§ WHAT YOU NEED TO DO
Please copy the data below exactly; none of the pictures in it belong in the copy.

§ DATA BELOW
_ _ _ _
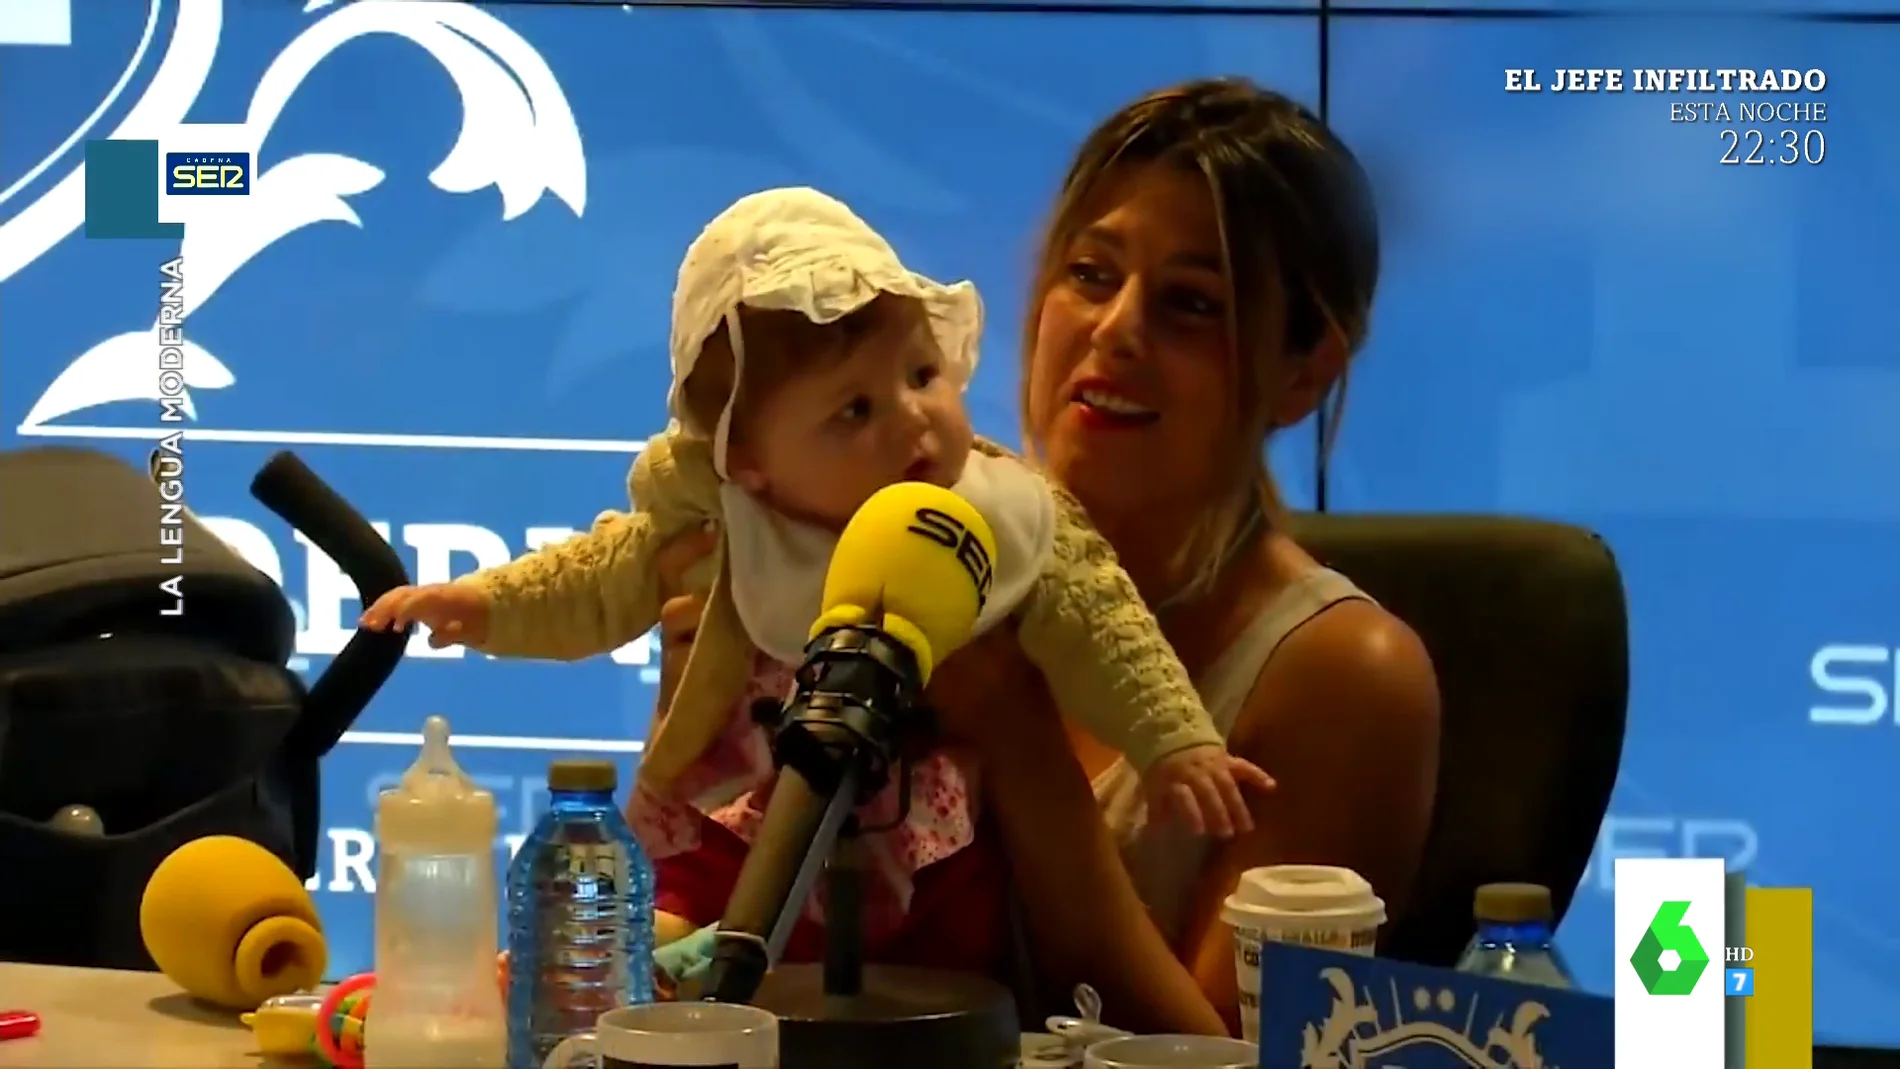 El entrañable vídeo de Valeria Ros con su hija Federica que enamora a Santiago Segura: "Se me cae la baba con esos mofletes"
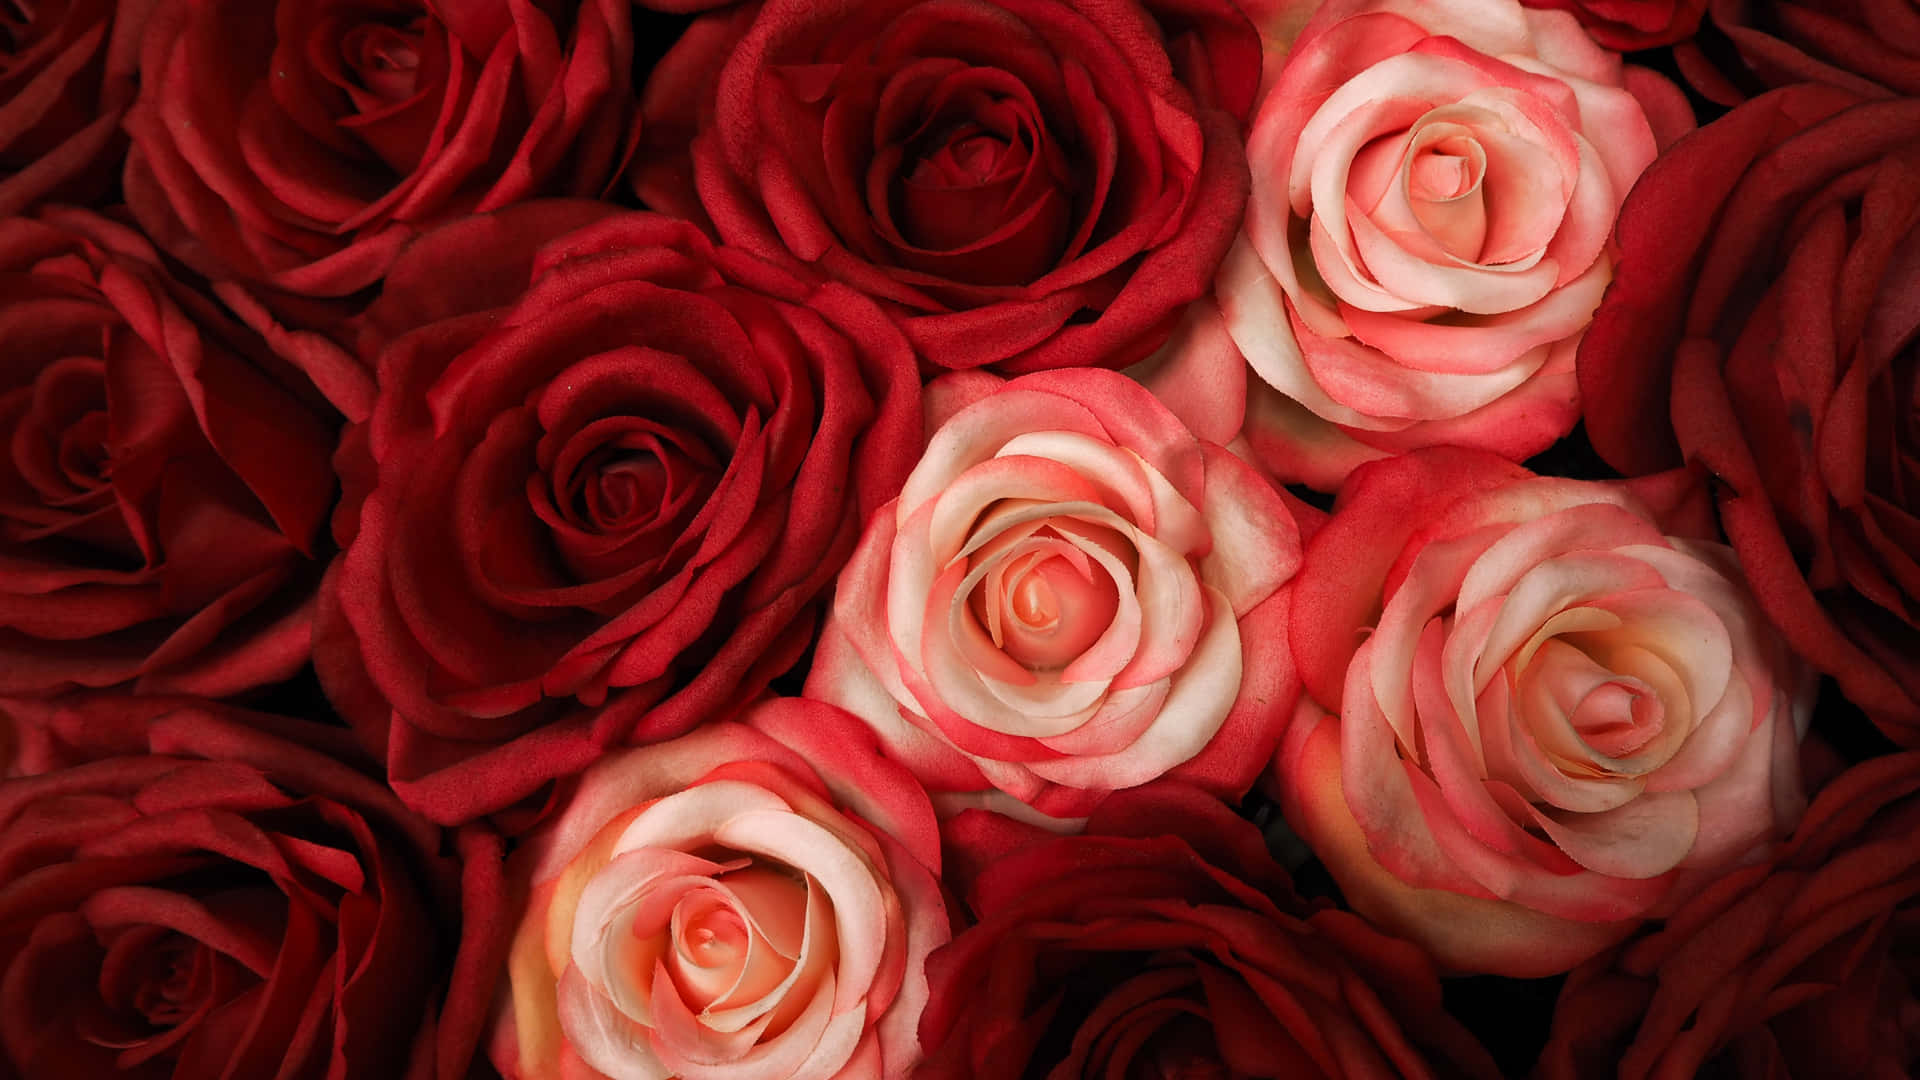 Røde og hvide roser - et klassisk symbol på udødelig kærlighed. Wallpaper
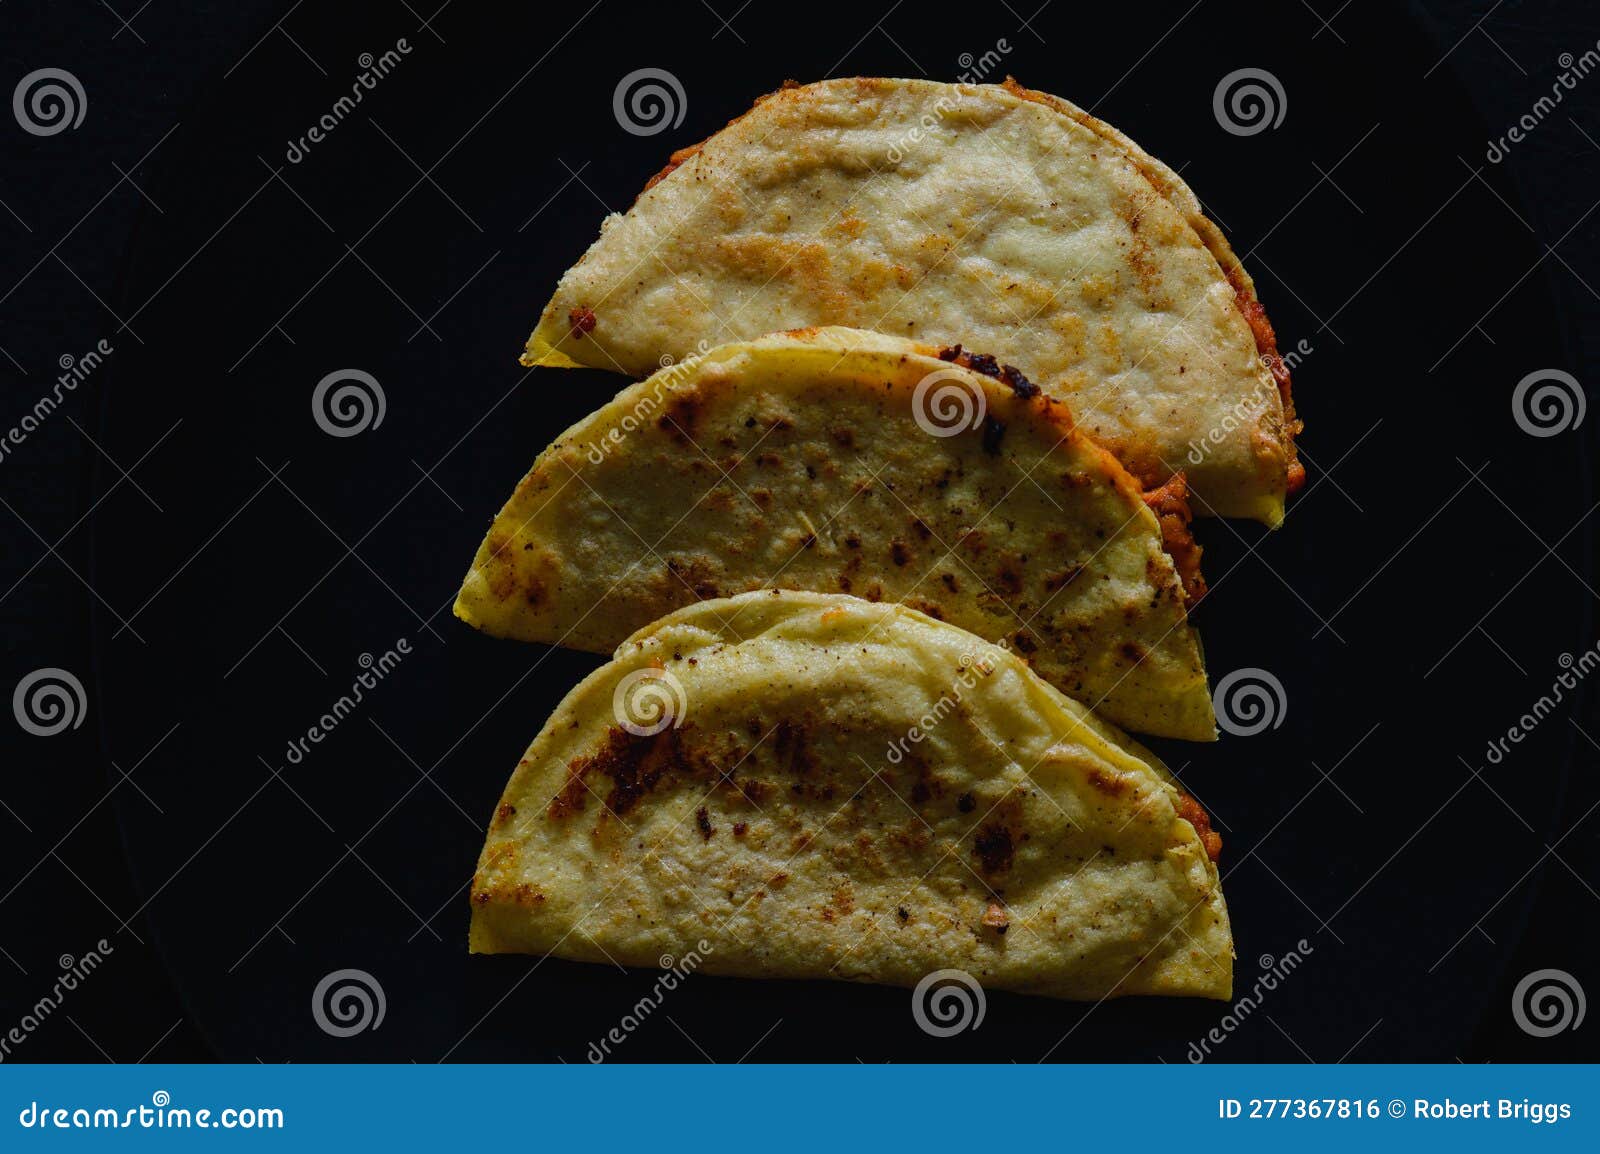 mashed potato and chorizo tacos dorados on black background
_ _ _ _
§ COMPLETED EXERCISE
 El entrañable vídeo de Valeria Ros con su hija Federica que enamora a Santiago Segura: "Se me cae la baba con esos mofletes"
 Røde og hvide roser - et klassisk symbol på udødelig kærlighed. Wallpaper
 mashed potato and chorizo tacos dorados on black background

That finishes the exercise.